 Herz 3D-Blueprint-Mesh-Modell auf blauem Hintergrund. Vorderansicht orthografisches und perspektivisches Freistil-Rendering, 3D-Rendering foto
# # # # #
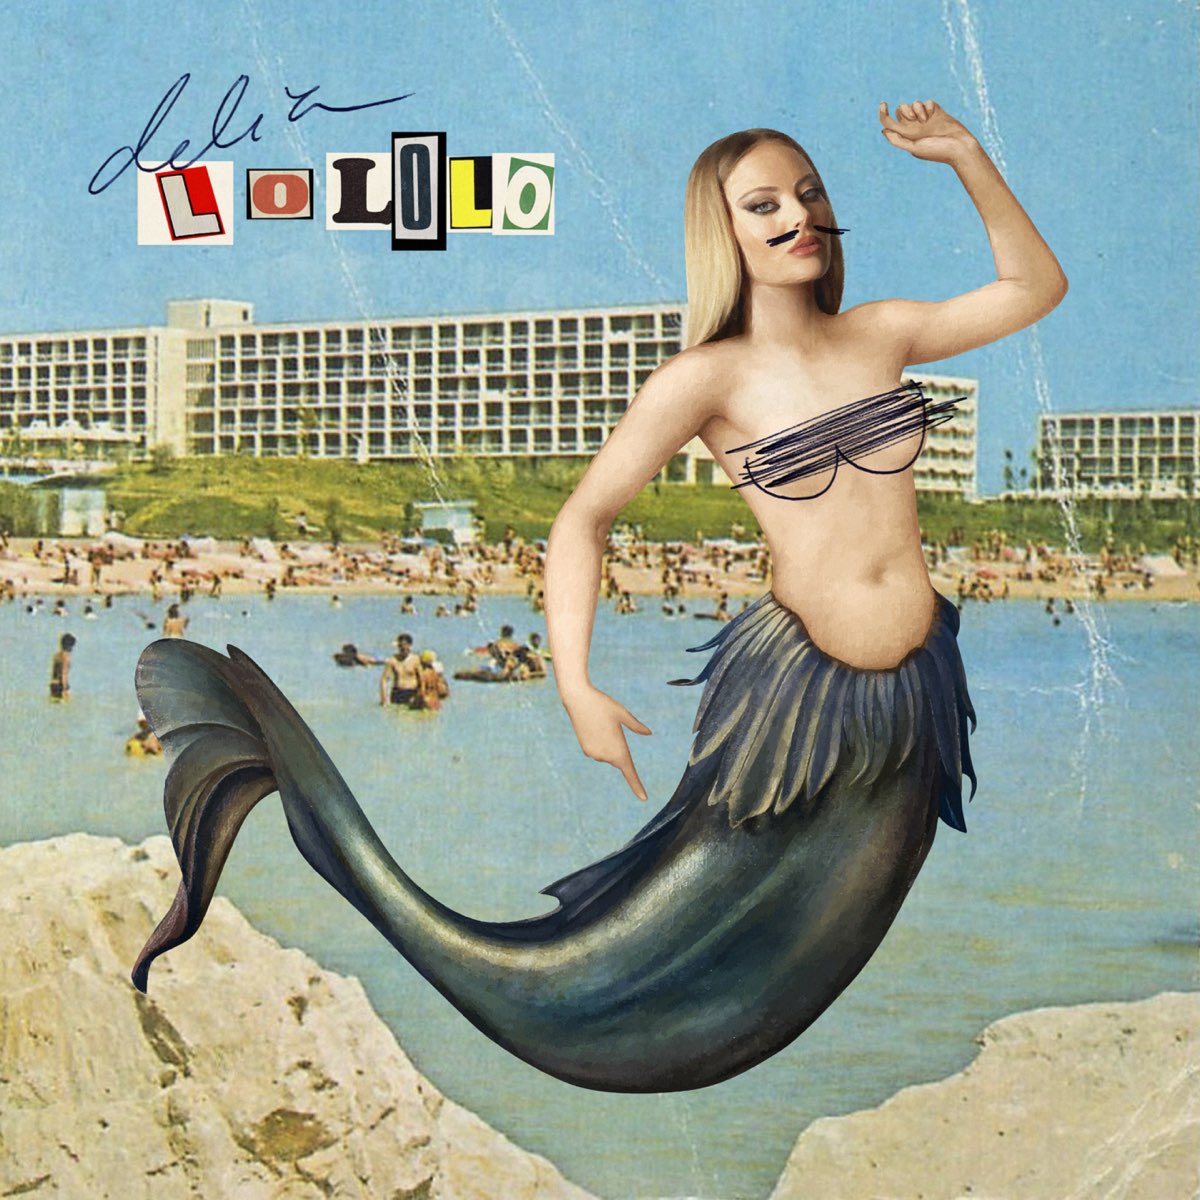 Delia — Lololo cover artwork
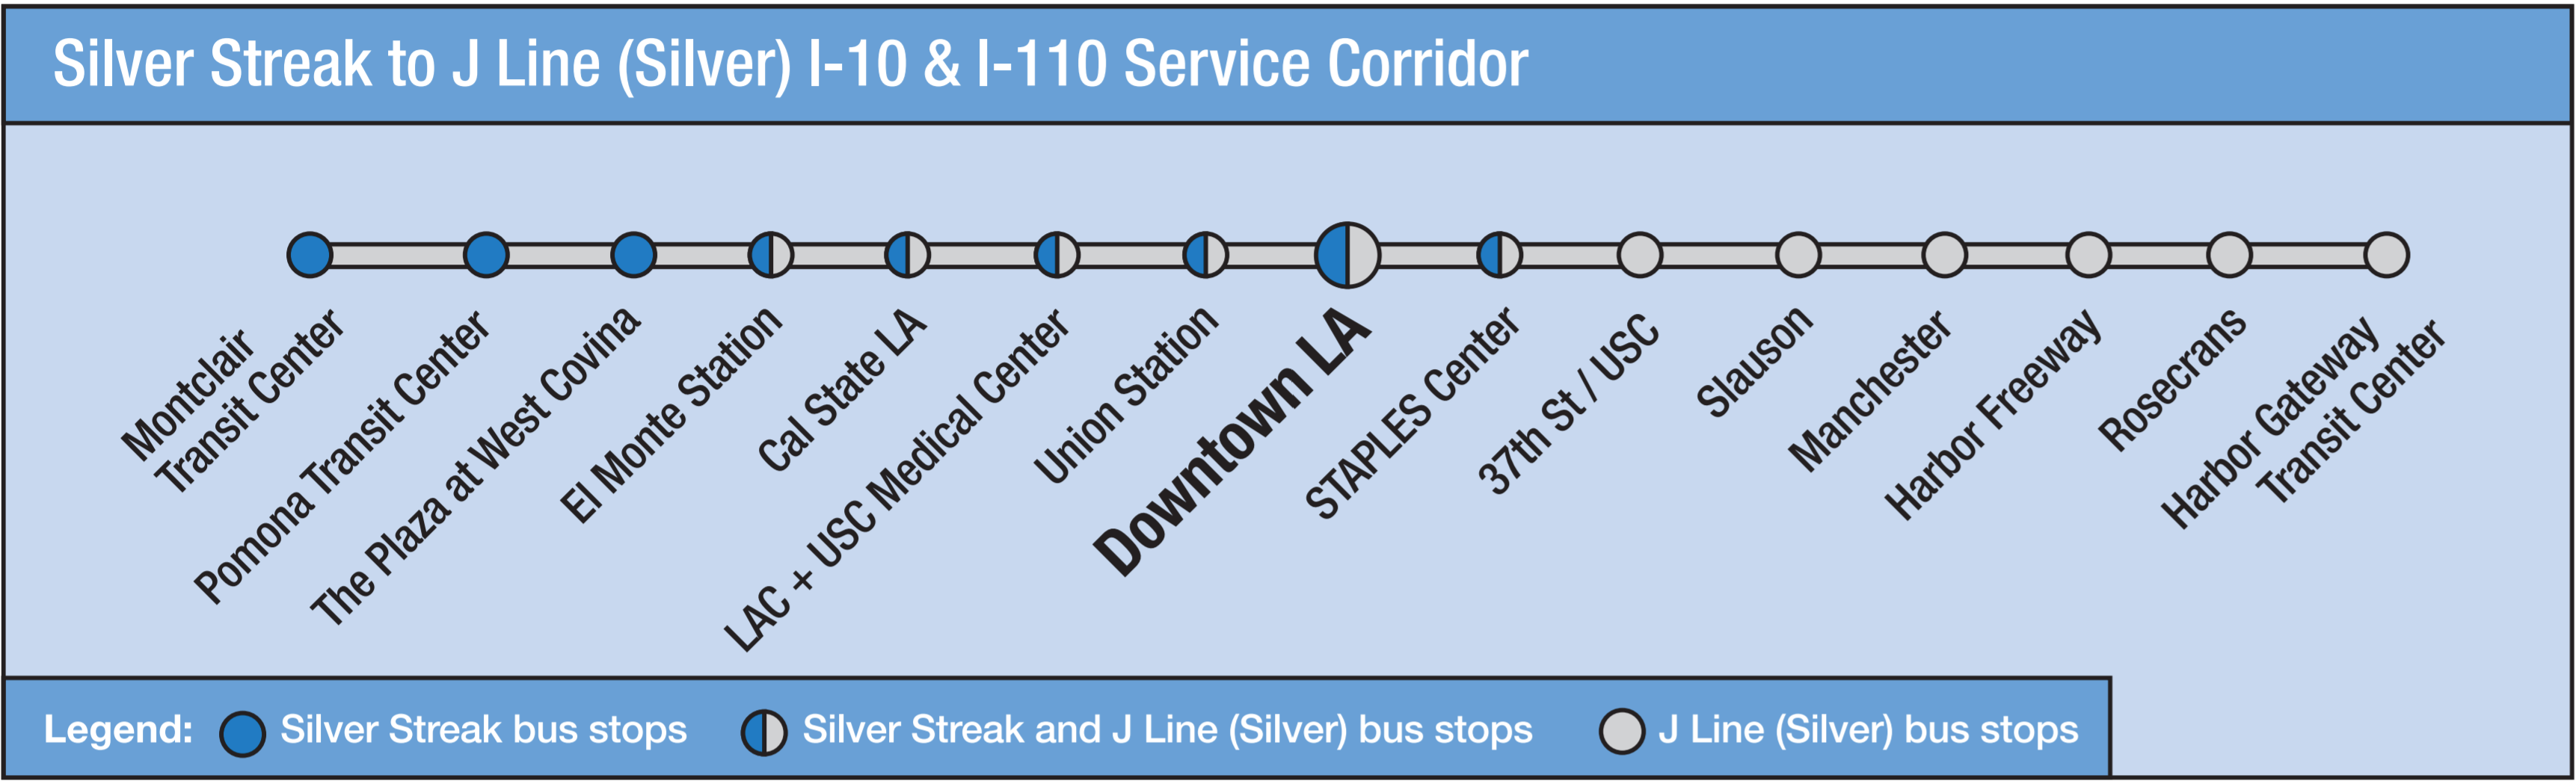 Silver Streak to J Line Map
# # # # #
Task instructions:
Exactly the lines above from the one that contains "Delia — Lololo cover artwork" down to the one that contains "Silver Streak to J Line Map" are to be output, both ends kept and pictures omitted.

Your solution:
 Delia — Lololo cover artwork
 Silver Streak to J Line Map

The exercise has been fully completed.